Every line below from the one with "Polyesterový městský batoh" through the one with "Kyoyu promo image" is to be repeated exactly, with no picture among them.
START Supplied material
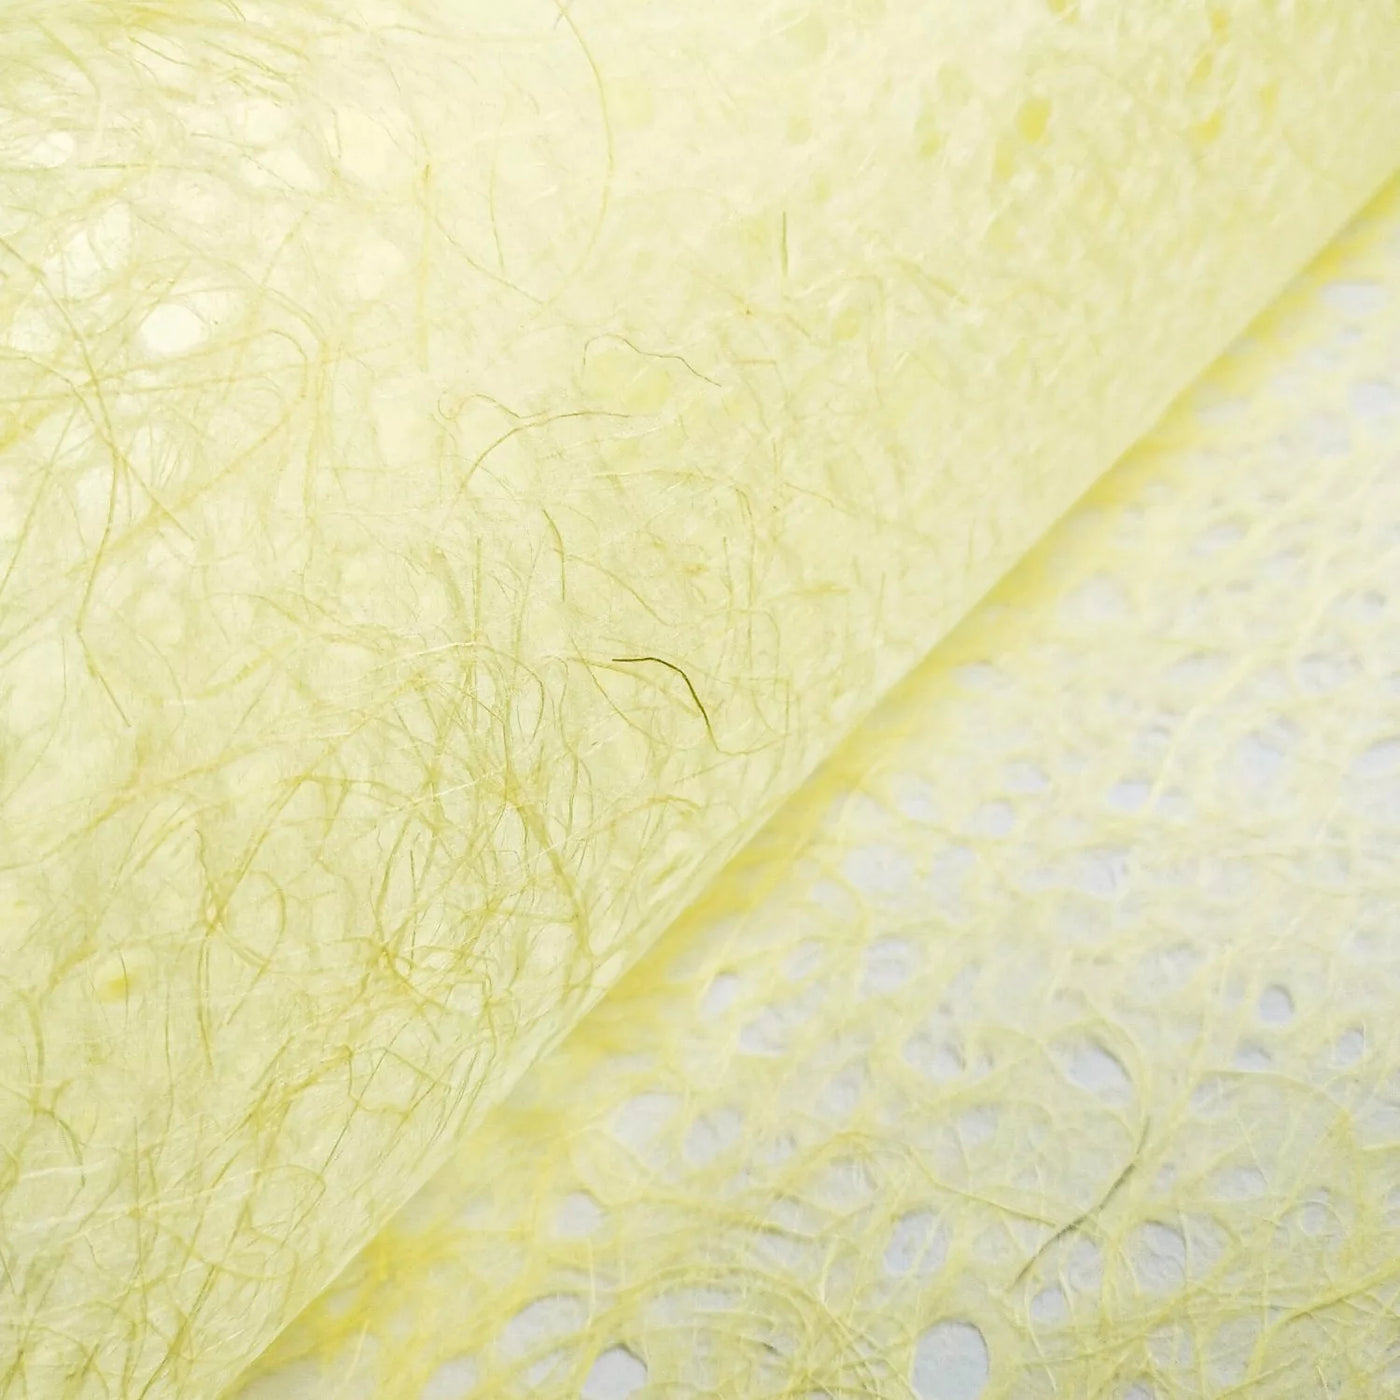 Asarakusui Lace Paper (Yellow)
END Supplied material
START Supplied material
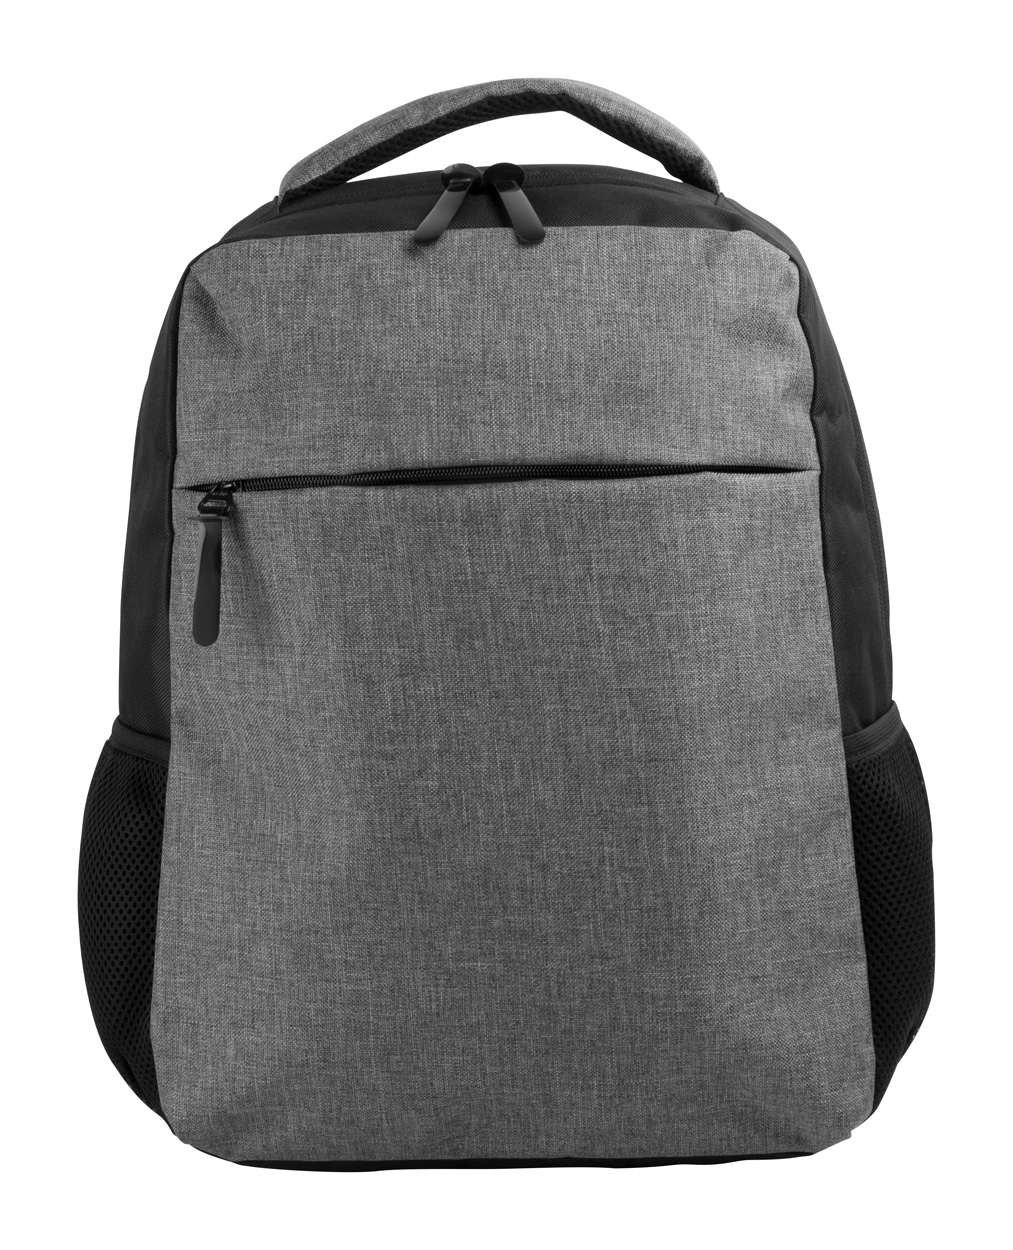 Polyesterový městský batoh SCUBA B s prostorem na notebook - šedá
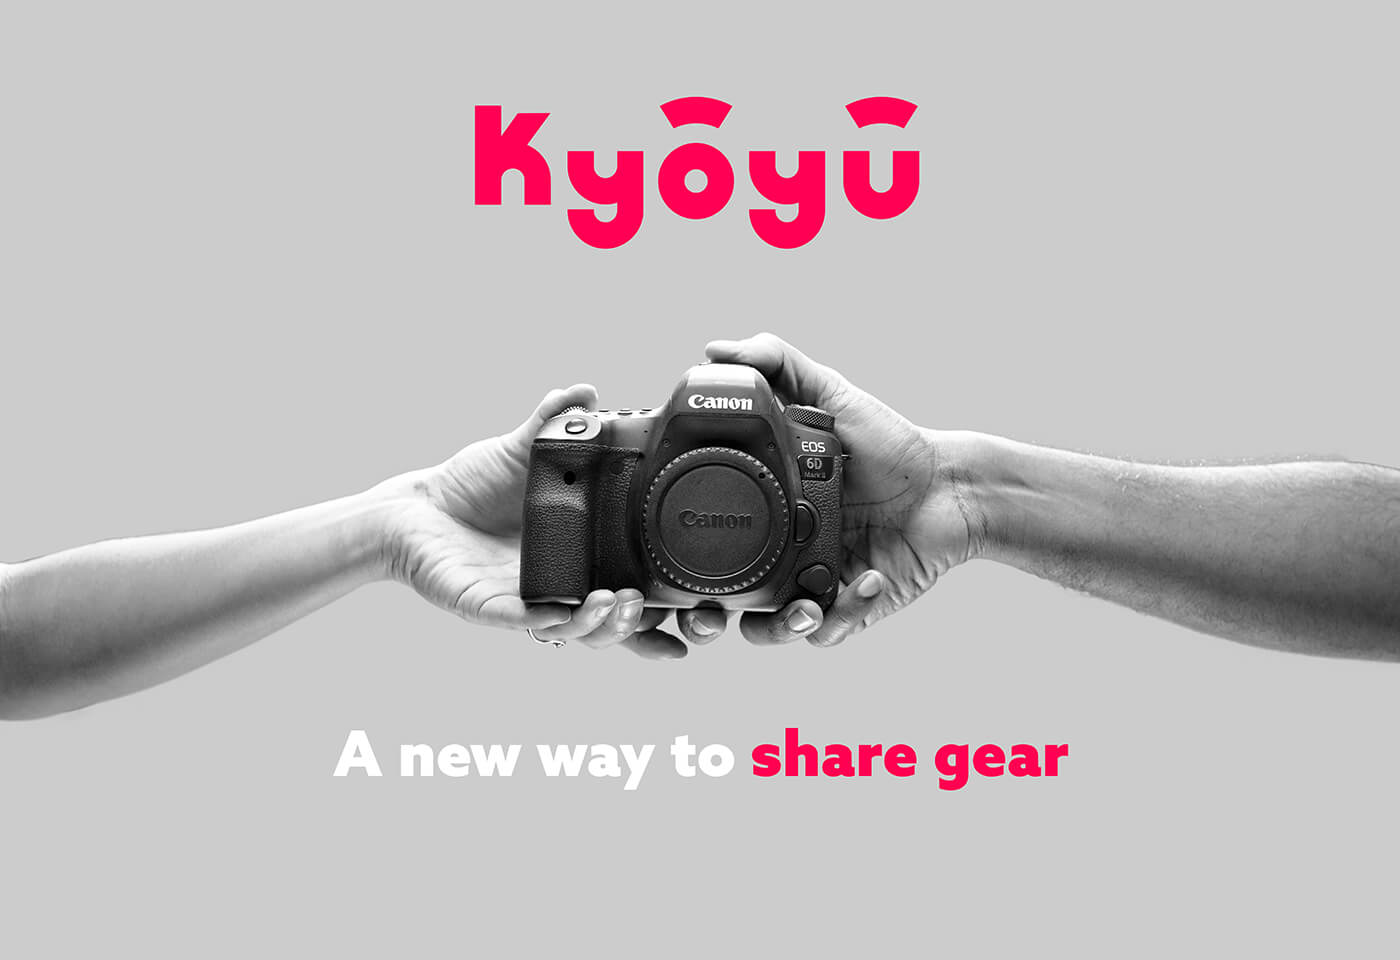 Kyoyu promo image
END Supplied material
START Supplied material
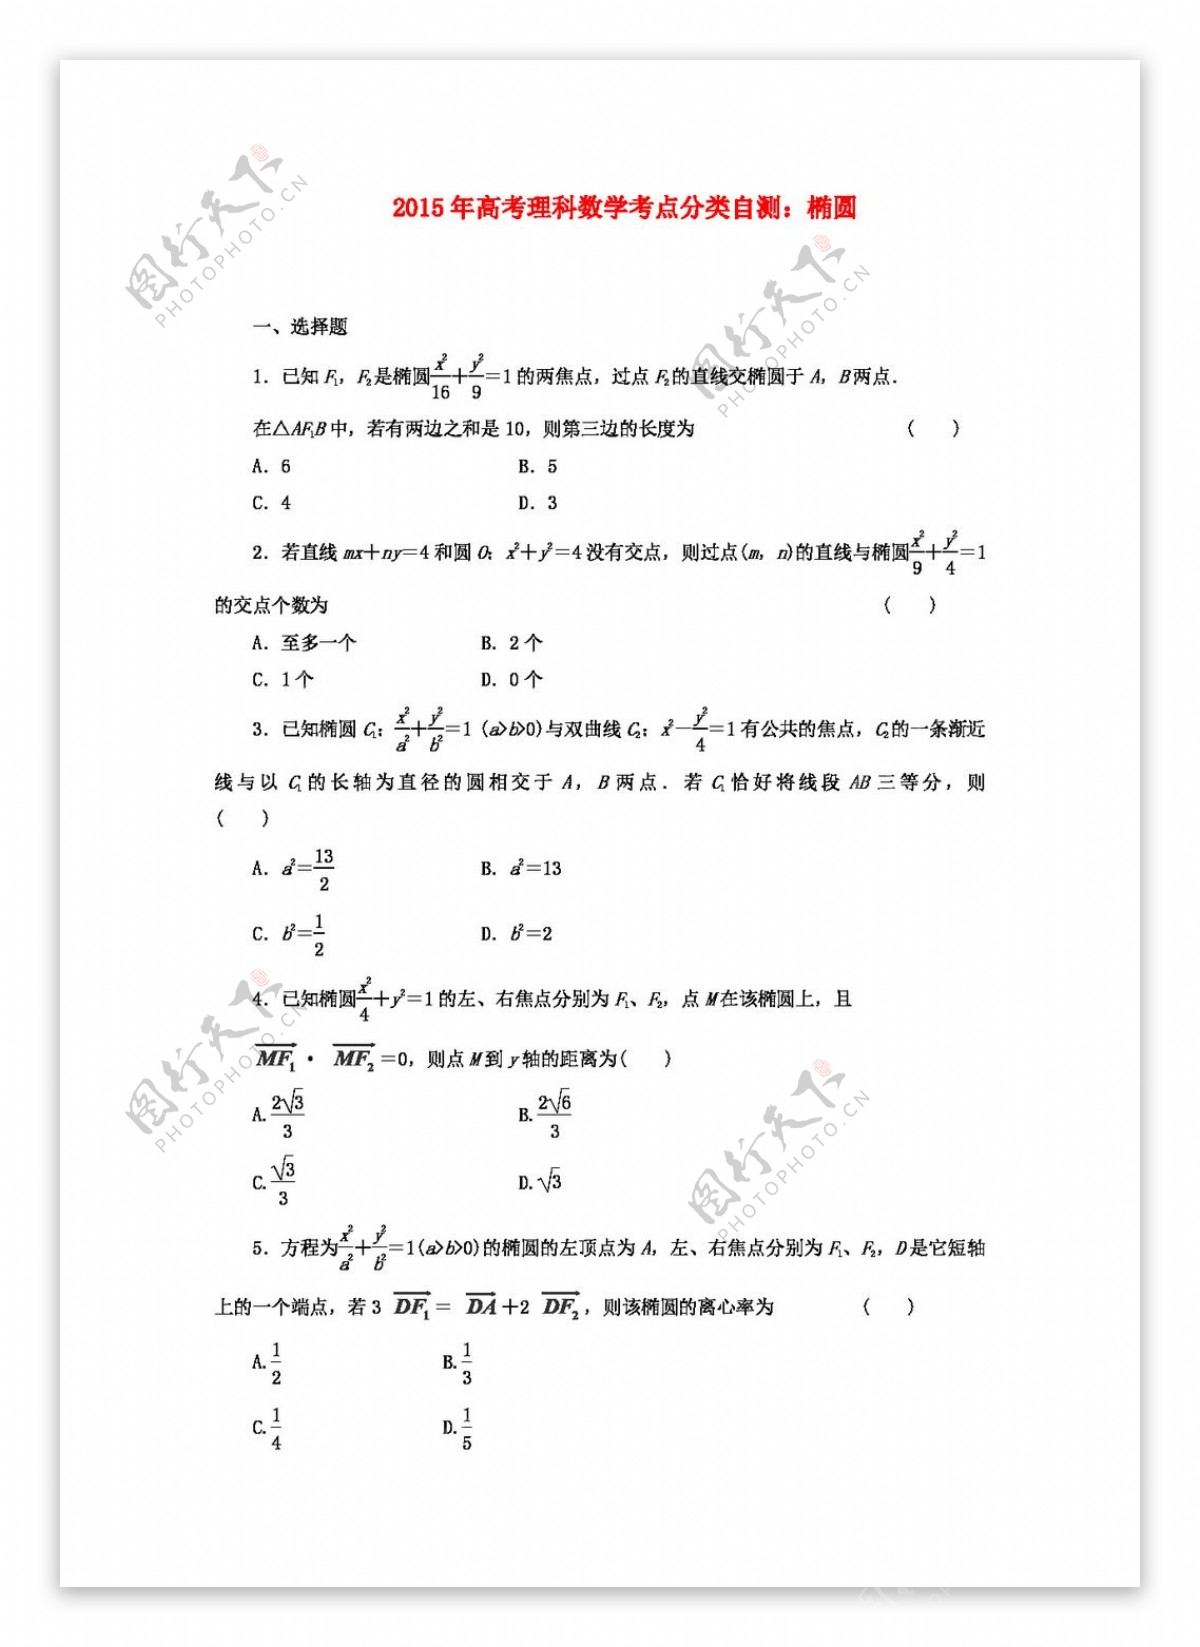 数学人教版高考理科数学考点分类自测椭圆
END Supplied material
[Solution for this task]
 Polyesterový městský batoh SCUBA B s prostorem na notebook - šedá
 Kyoyu promo image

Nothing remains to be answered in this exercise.